What is needed:
Reproduce exactly the line containing "PRESIDENT JIMMY CARTER" and each line after it until the listing ends, leaving pictures out.

Exercise data:

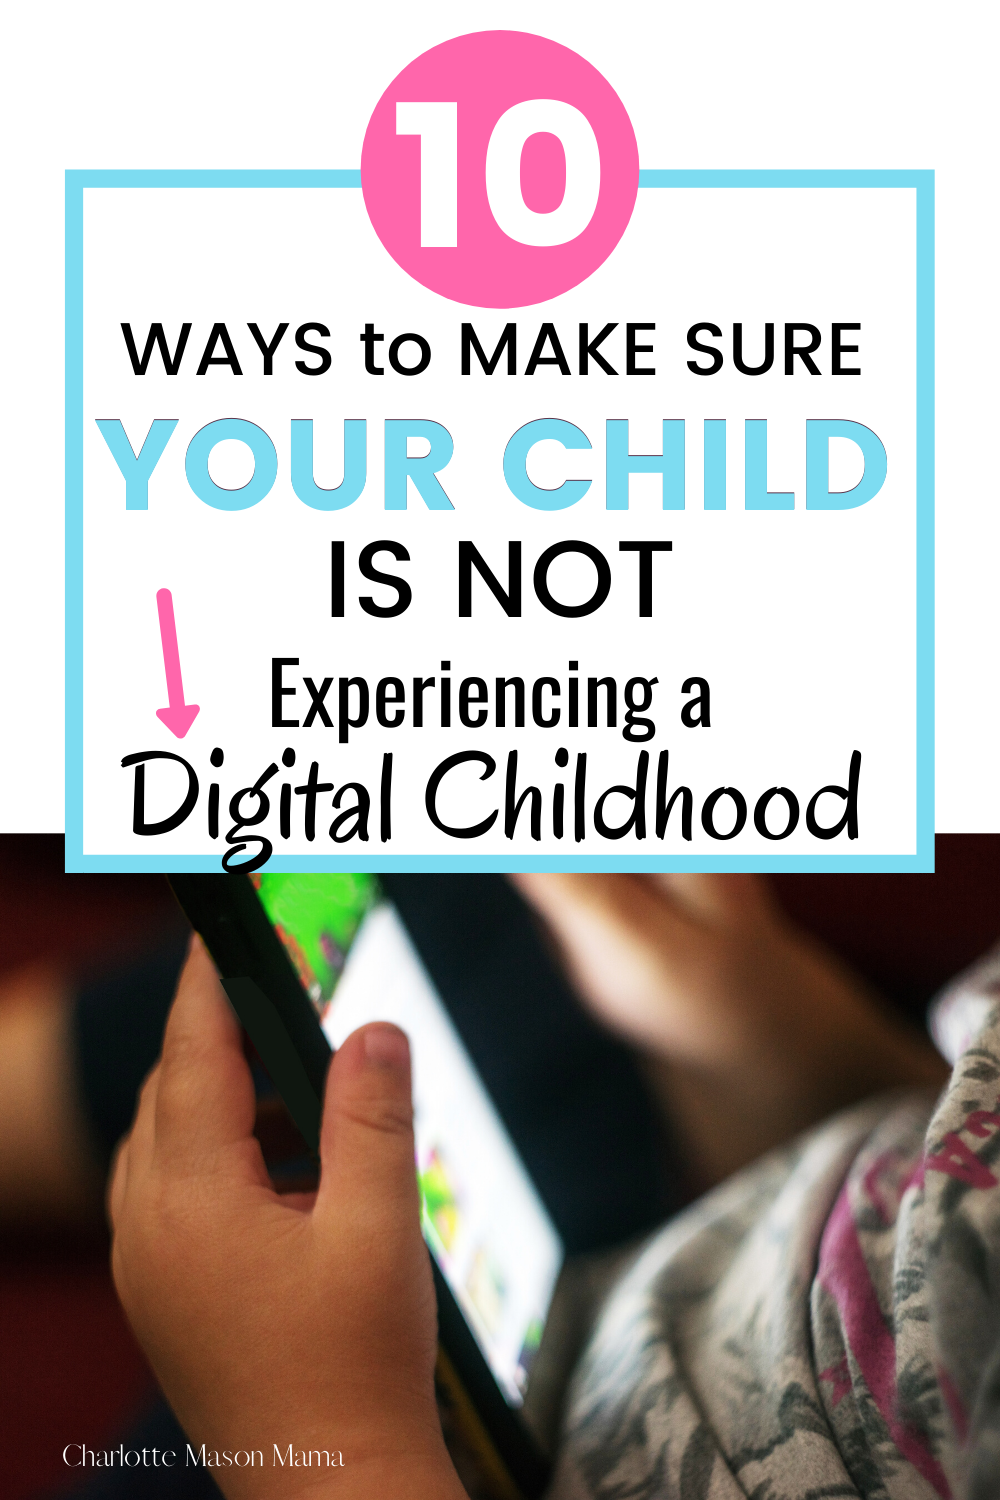 10 Ways to Make Sure YOUR CHILD is not experiencing a Digital Childhood
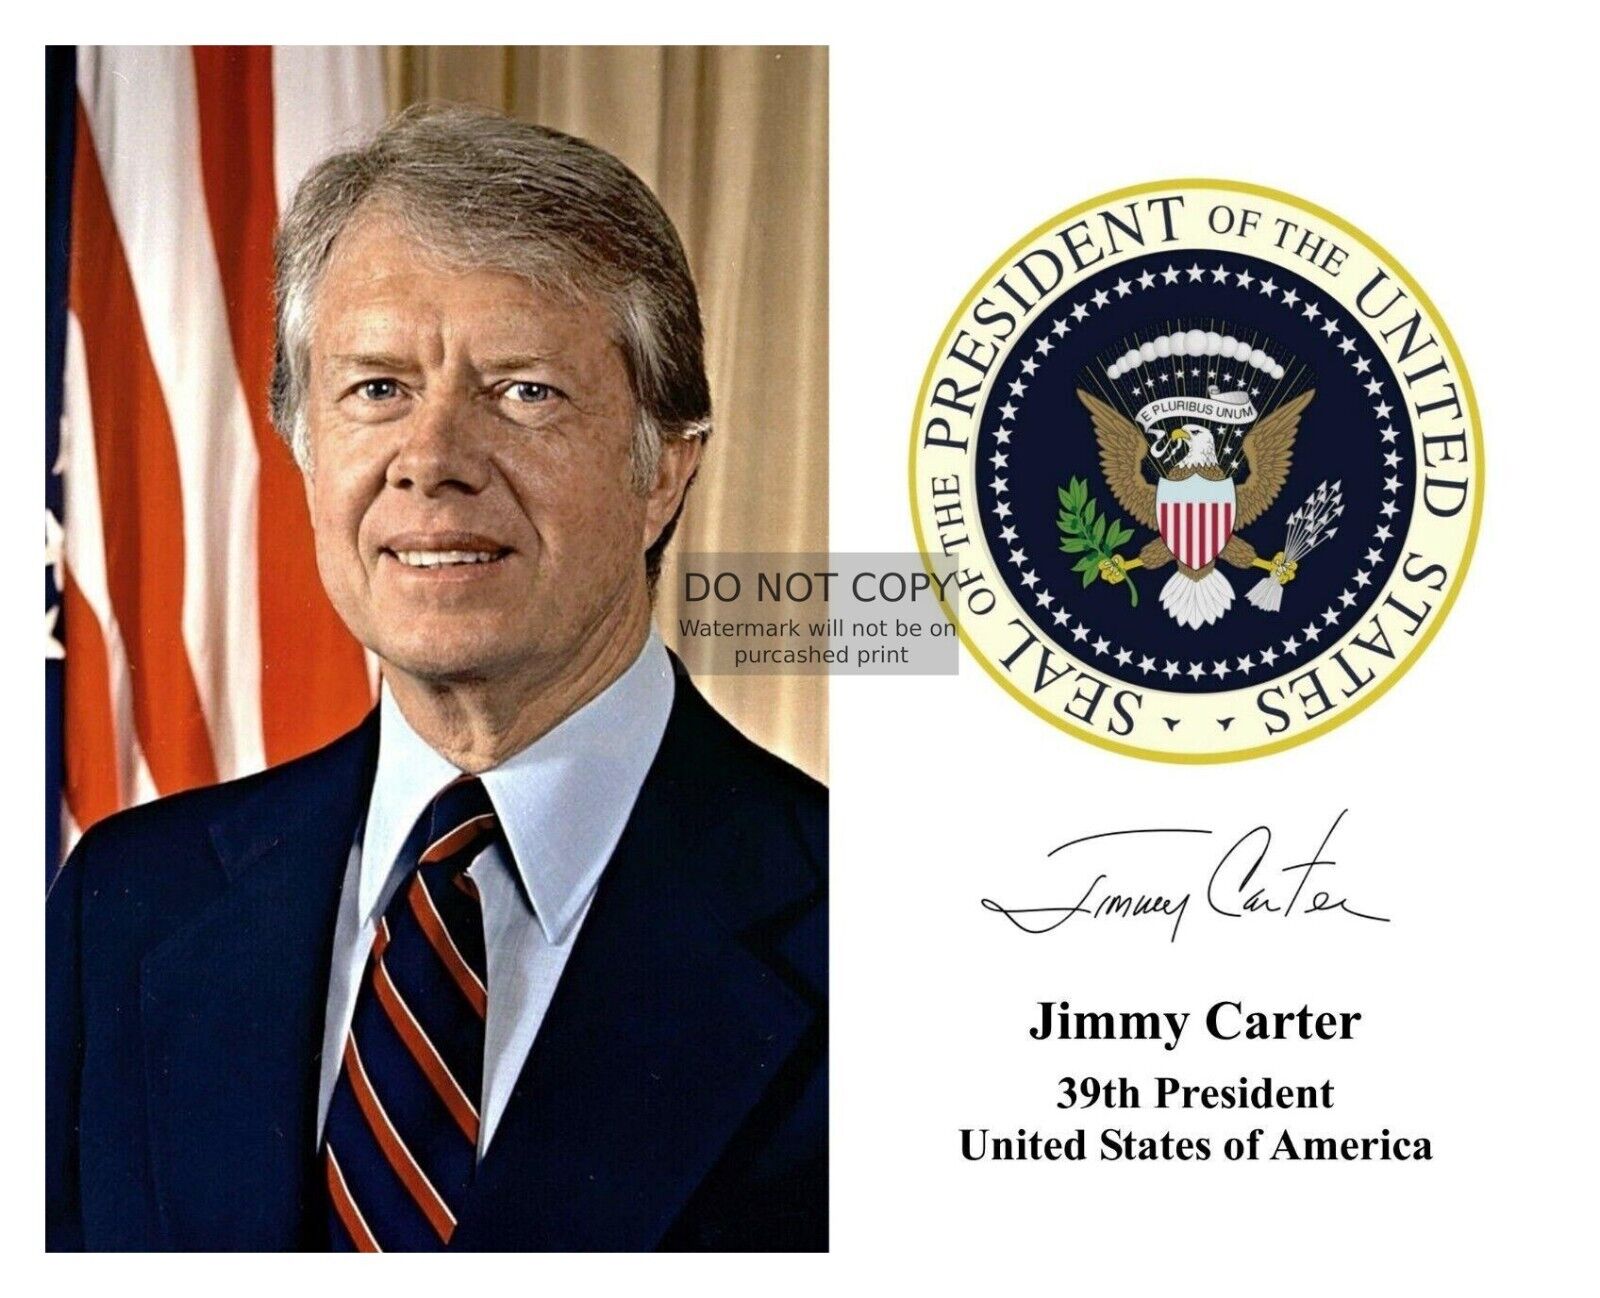 PRESIDENT JIMMY CARTER PRESIDENTIAL SEAL AUTOGRAPHED 8X10 PHOTOGRAPH
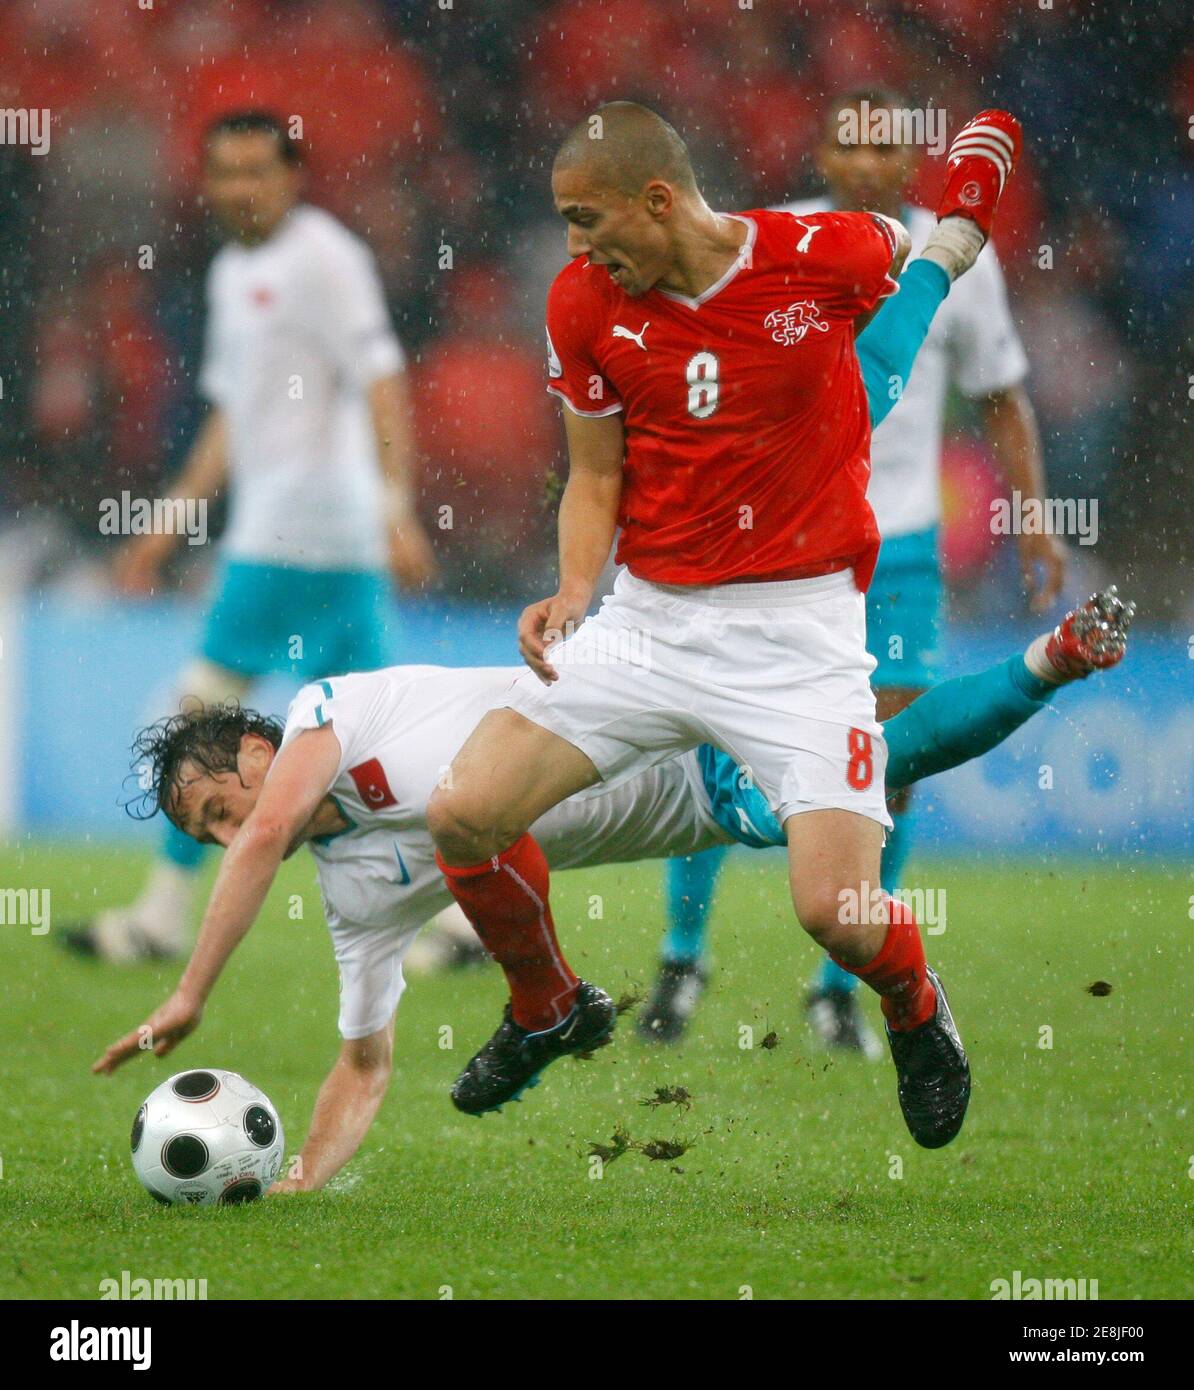 Switzerland's Gokhan Inler (R) is challenged by Turkey's Tuncay Sanli during their Group A Euro 2008 soccer match at St Jakob Park in Basel, June 11, 2008.     REUTERS/Jerry Lampen (SWITZERLAND)     MOBILE OUT. EDITORIAL USE ONLY Stock Photo

Written reply:
 PRESIDENT JIMMY CARTER PRESIDENTIAL SEAL AUTOGRAPHED 8X10 PHOTOGRAPH
 Switzerland's Gokhan Inler (R) is challenged by Turkey's Tuncay Sanli during their Group A Euro 2008 soccer match at St Jakob Park in Basel, June 11, 2008.     REUTERS/Jerry Lampen (SWITZERLAND)     MOBILE OUT. EDITORIAL USE ONLY Stock Photo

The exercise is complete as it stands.